For now though, the most useful metric is seeing how much time using AI tools saves employees.

O’Brien says that governance, change management, and training can all help set the standard on how things are used and also not meant to be used. WilsonHCG has conducted focus groups or drop-in sessions to work through challenges or review training as and when they’ve launched new AI tools internally. That has helped provide additional context behind just the stats. 

“For example, the data might be showing us that we’re spending 20 minutes in a tool,” said O’Brien. “Is 20 minutes a good amount of time? Are we spending 20 minutes getting through all we need to? Or are we spending that 20 minutes what we are doing and maybe didn’t get any results from it?”

Asking those questions is crucial so that companies can truly understand where enhancements can be made. AI vendors can help ensure that this happens, going beyond initial implementation and ensuring ROI by helping employees see how to best use the tool over time. O’Brien says that when this isn’t done, there is significantly less adoption. 

It is especially helpful when someone within the company takes on the role of looking at the usage along with the vendor. That could be an HR manager or a tech manager. 

“For example, the data might be showing us that we’re spending 20 minutes in a tool.
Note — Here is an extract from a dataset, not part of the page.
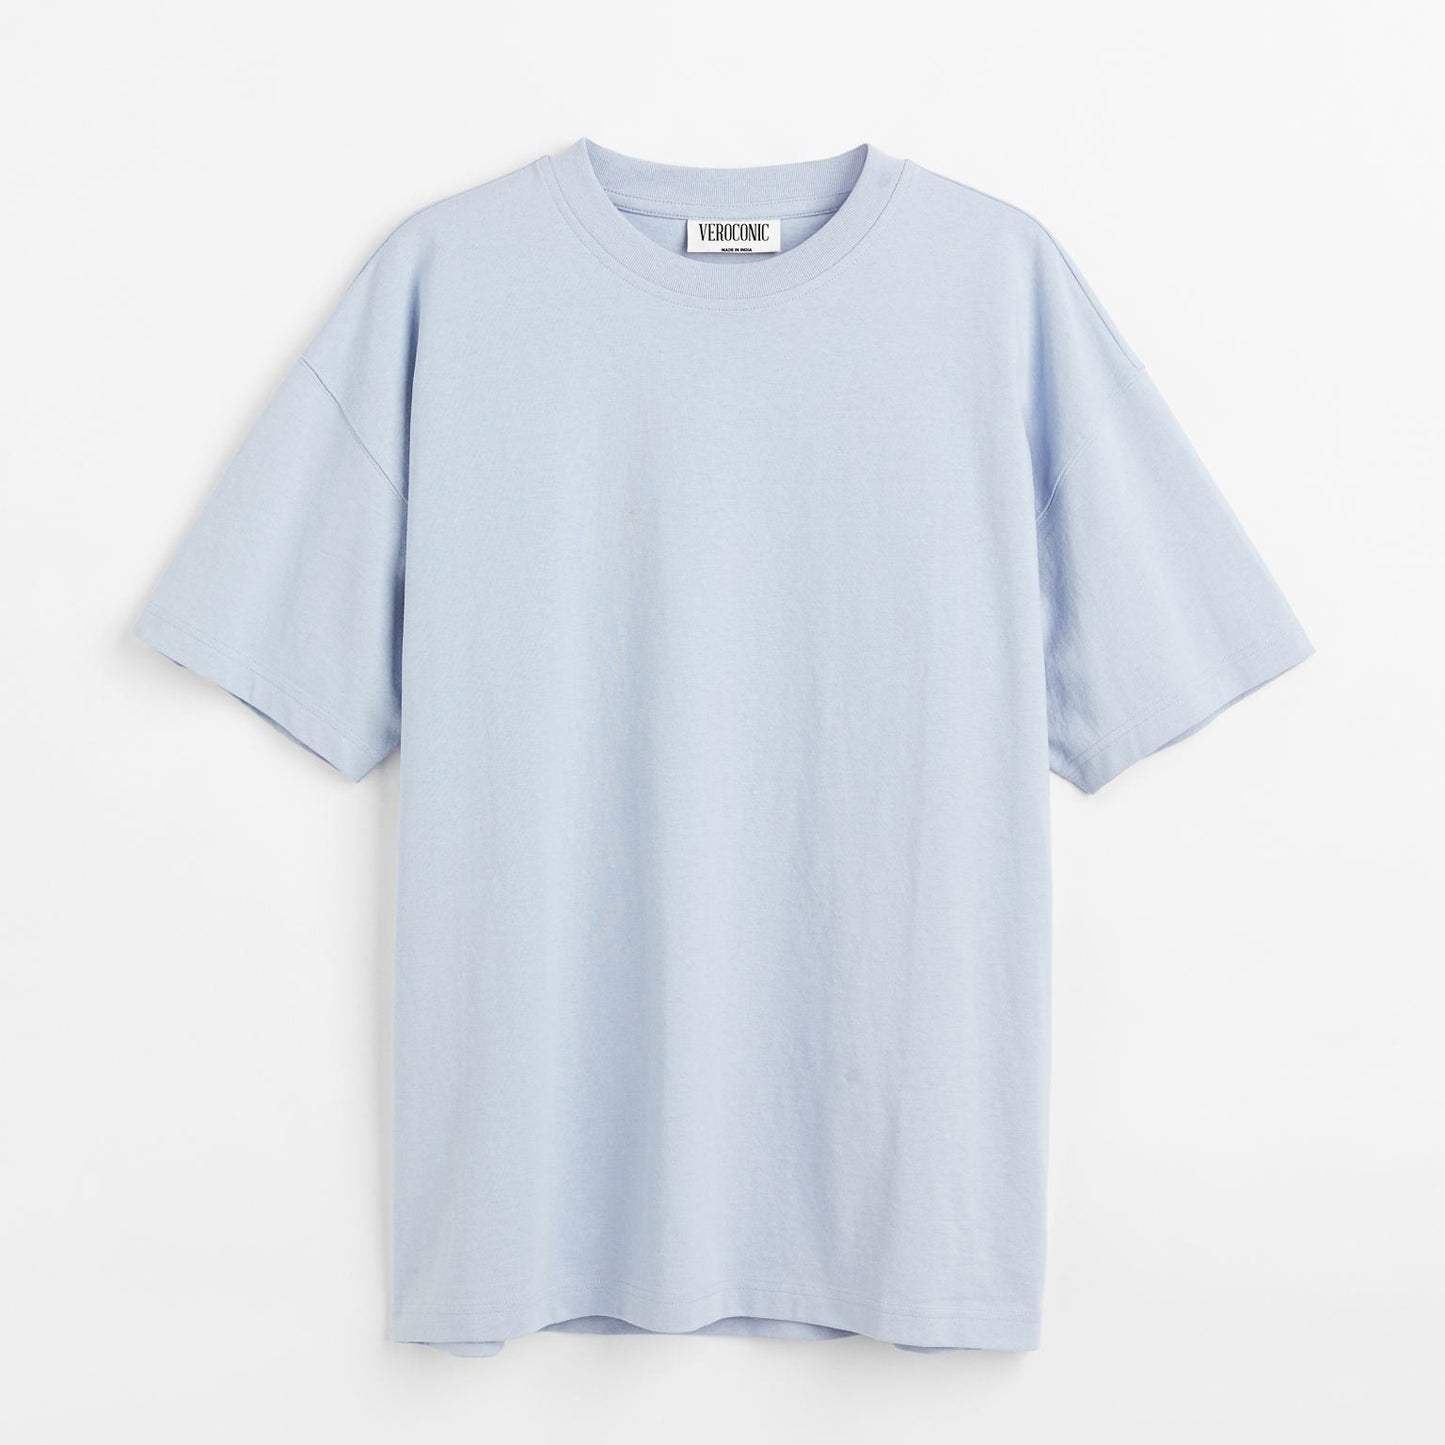 Plain Oversized Baby Blue Cotton T-shirt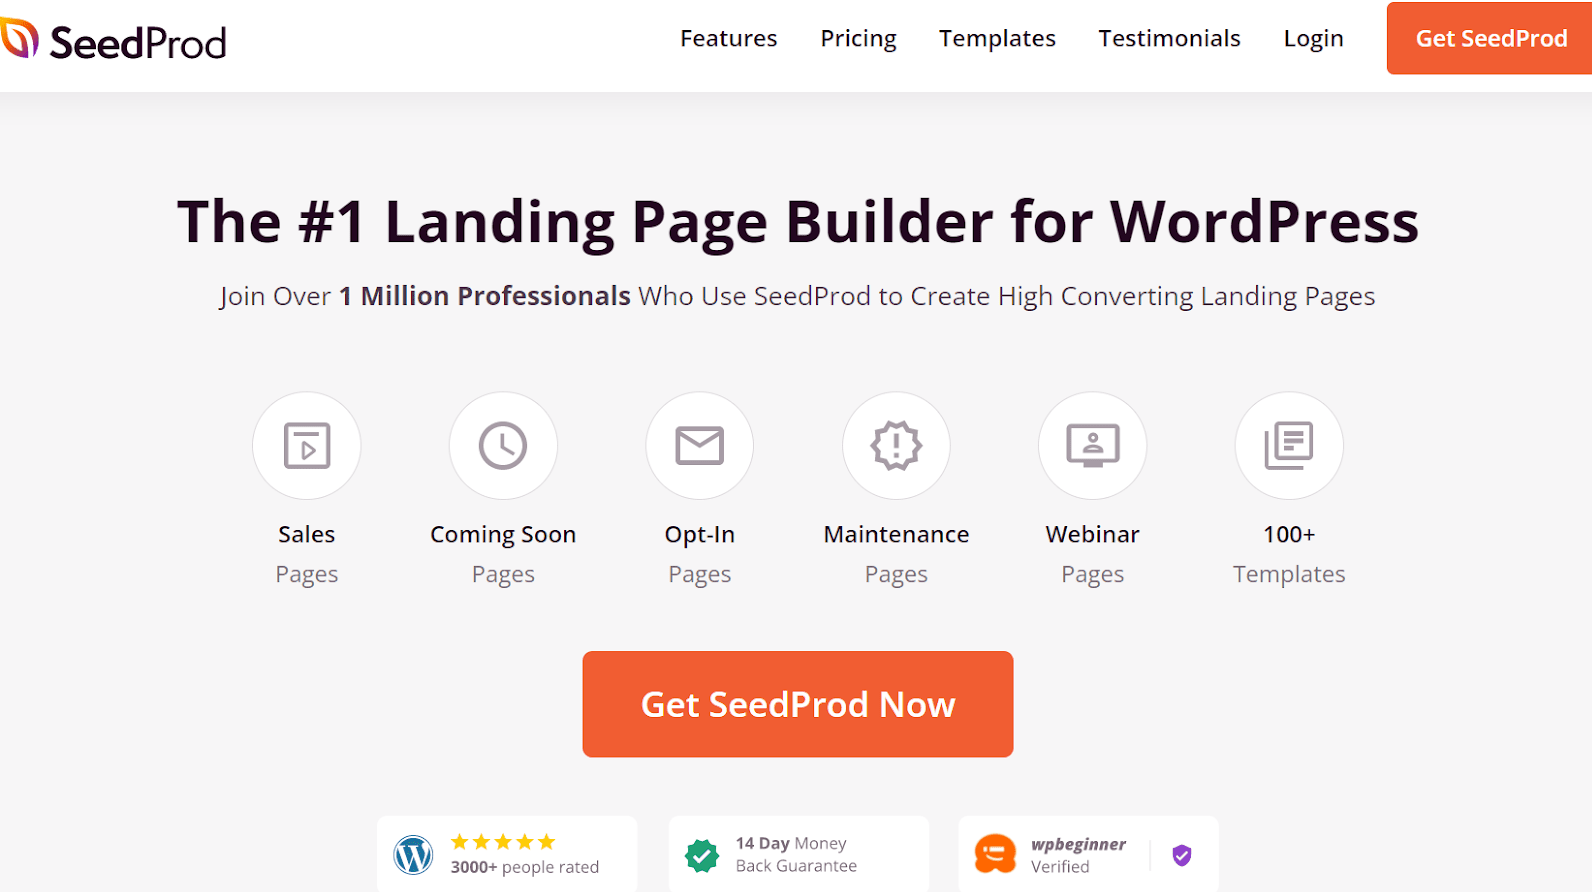 SeedProd Homepage

Is 20 minutes a good amount of time? Are we spending 20 minutes getting through all we need to? Or are we spending that 20 minutes what we are doing and maybe didn’t get any results from it?”
Alicia O’Brien, svp of innovation, consulting, and customer success at WilsonHCG.

“It’s sometimes an argument between tech and HR because IT isn’t necessarily going to understand how it’s being used, they’re just going to see how it integrates,” said O’Brien. “Whereas HR might not be as much tech-focused, but on the ‘so what?’ A lot of the time it’s a tech-minded HR or talent acquisition person that is a good fit.”

But when AI use is properly audited, and more and more employees start to see how it is impacting their colleagues’ work experience, more people hop on board. 

“What’s happening is the productivity desire is driving the AI adoption because your workload says you have 27 hours worth of work, but 8 hours to do it,” said Beygelman. “You’re going to use tools that will help you. HR will realize this.” 

Leveraging AI tools to track AI learning

There are many ways that companies are utilizing certain AI-powered software to help them understand how employees spend their time with these tools. For example, AI-powered skills intelligence platform Workera works with companies like Accenture, the U.S. Air Force, and Booz Allen Hamilton to help their employees accurately measure AI competencies.

With four tiers of AI readiness assessments, Workera is helping companies get a true grasp on how their employees are performing with AI. 

“You cannot take a one-size-fits-all approach when the workforce is so diverse,” said Kian Katanforoosh, CEO and co-founder of Workera. “Assessments allow us to understand the strengths and gaps in everyone and tell us where AI is going to help you be a better worker.”

Companies are using AI assessments to help find that starting point in employees’ skills and see how much they grow from there when they revisit it. It’s also been helpful for business leaders who might not be as familiar with AI as they’d like to be. Katanforoosh found that there are two types of business leaders when it comes to AI: those who pretend they know and those who are transparent with the fact they don’t know.

“Leaders who pretend they know something, like AI, when they don’t have the background in it and it’s new to them, are going to foster a culture of dangerous amateurs,” said Katanforoosh. “You’re going to have a lot of people in the organization who are going to try to mimic the leader by showing they know when they don’t. On the other hand, when a leader says ‘I’m not accomplished yet, we’re all in this together,’ it fosters a culture of transparency and life-long learning.”